Procedures are things like:

how to reconnect a broken integration
how to recover a failed import
how to debug a common setup issue

The best pattern is to keep procedures as skills, playbooks, or workflows, not as raw memory entries. In many SaaS products, a reusable troubleshooting playbook is more valuable than perfect transcript recall.

6. Design for inspectability and debugging

All four systems highlight the operational value of inspectable state.

If your SaaS agent is customer-facing, you will eventually need to answer:

Why did the agent say this?
What did it remember?
Which instruction caused that behavior?
Which prior interaction influenced this answer?

Opaque memory systems make these questions painful.
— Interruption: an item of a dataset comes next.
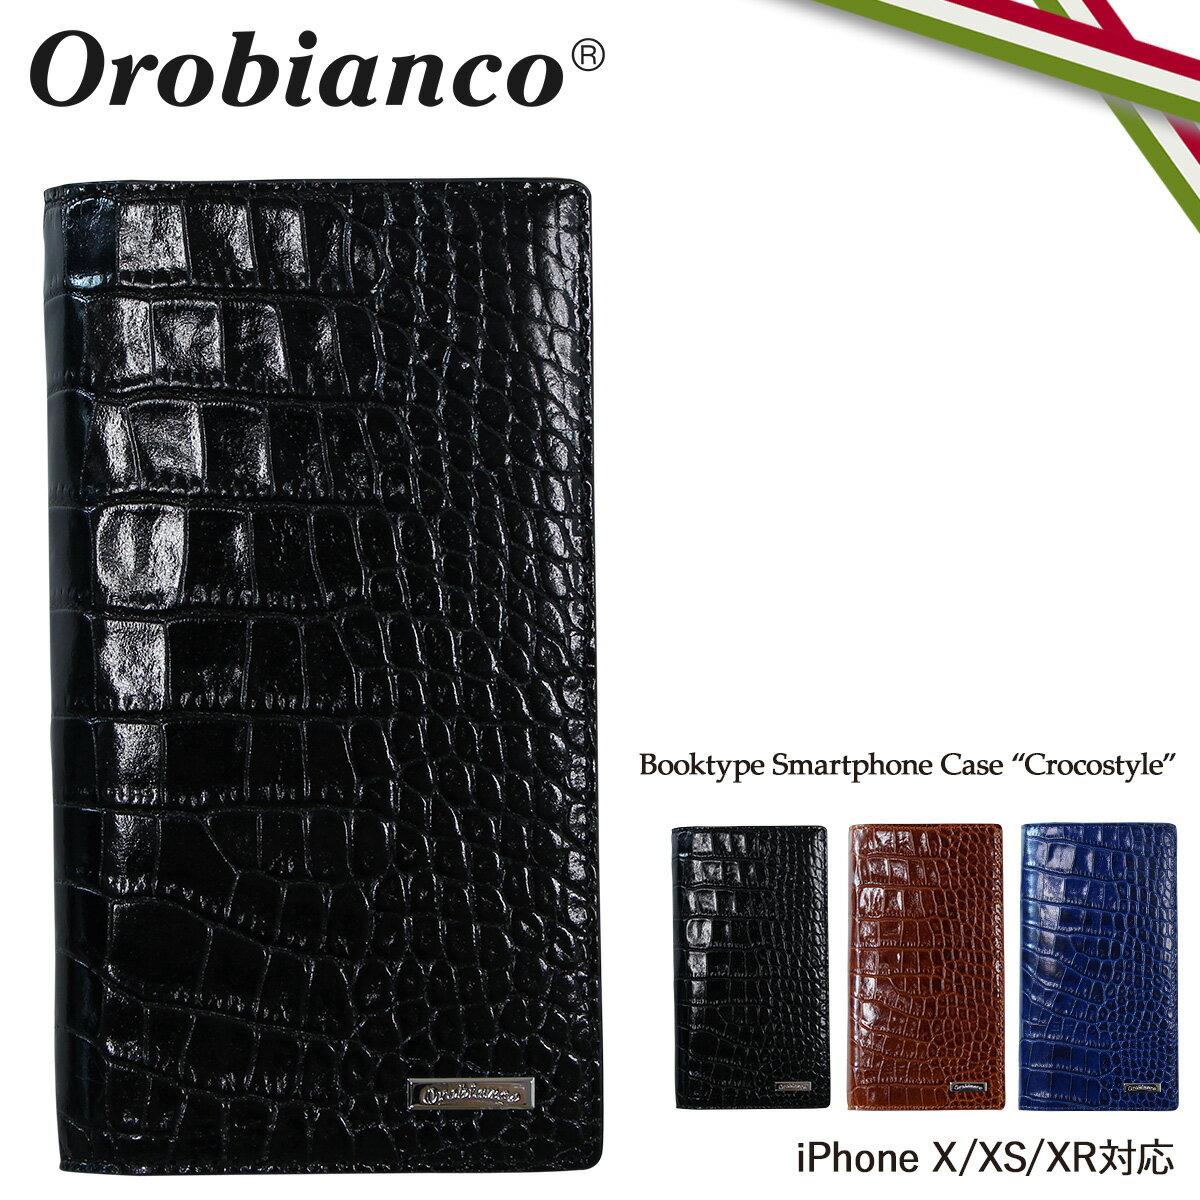 【最大2000円OFFクーポン】 オロビアンコ Orobianco iPhone XR X XS ケース 手帳型 スマホ アイフォン CROCOSTYLE レザー メンズ レディース ORIP-0004

File-backed or clearly structured memory makes them manageable.

7. Build memory policies, not just storage

The most important lesson may be that memory quality depends more on policy than on storage format.

You need rules for:

when to save something
when not to save it
when to summarize
when to overwrite
when to retrieve
when to ignore stale context
when to trust product data over memory

For a SaaS agent, those policies should follow business value. The agent should remember what improves user outcomes, not merely what is available to store.

A practical blueprint for a SaaS-scoped agent

If I were building a scoped agent for a SaaS product, I would combine the lessons from all four systems into five layers:

1. Session layer
Recent conversation, tool outputs, current workflow state, unresolved actions.

2. Durable user/product memory
Preferences, role and permissions, setup state, recurring patterns, compact summaries of important history.

3. Product instruction layer
Product rules, business logic, escalation boundaries, plan constraints, safety rules.

4. Searchable history layer
Tickets, logs, prior sessions, audit events, knowledge base content.

5. Procedural skill layer
Onboarding flows, troubleshooting guides, recovery playbooks, upgrade guidance, integration setup steps.

That architecture is usually far better than a single giant “memory” blob.

Conclusion

The biggest lesson from OpenClaw, Hermes Agent, Codex CLI, and Claude Code is that a good agent is not the one that remembers the most. It is the one that remembers the right things in the right layer.

For serious product agents, that usually means:

keep live session context separate from durable memory
keep product rules separate from user memory
keep procedures separate from facts
keep large knowledge sources out of the prompt until needed
make memory inspectable and bounded
optimize for user success, not maximal recall

In other words, the best SaaS agent memory system is not a replica of human memory. It is a well-designed product context system.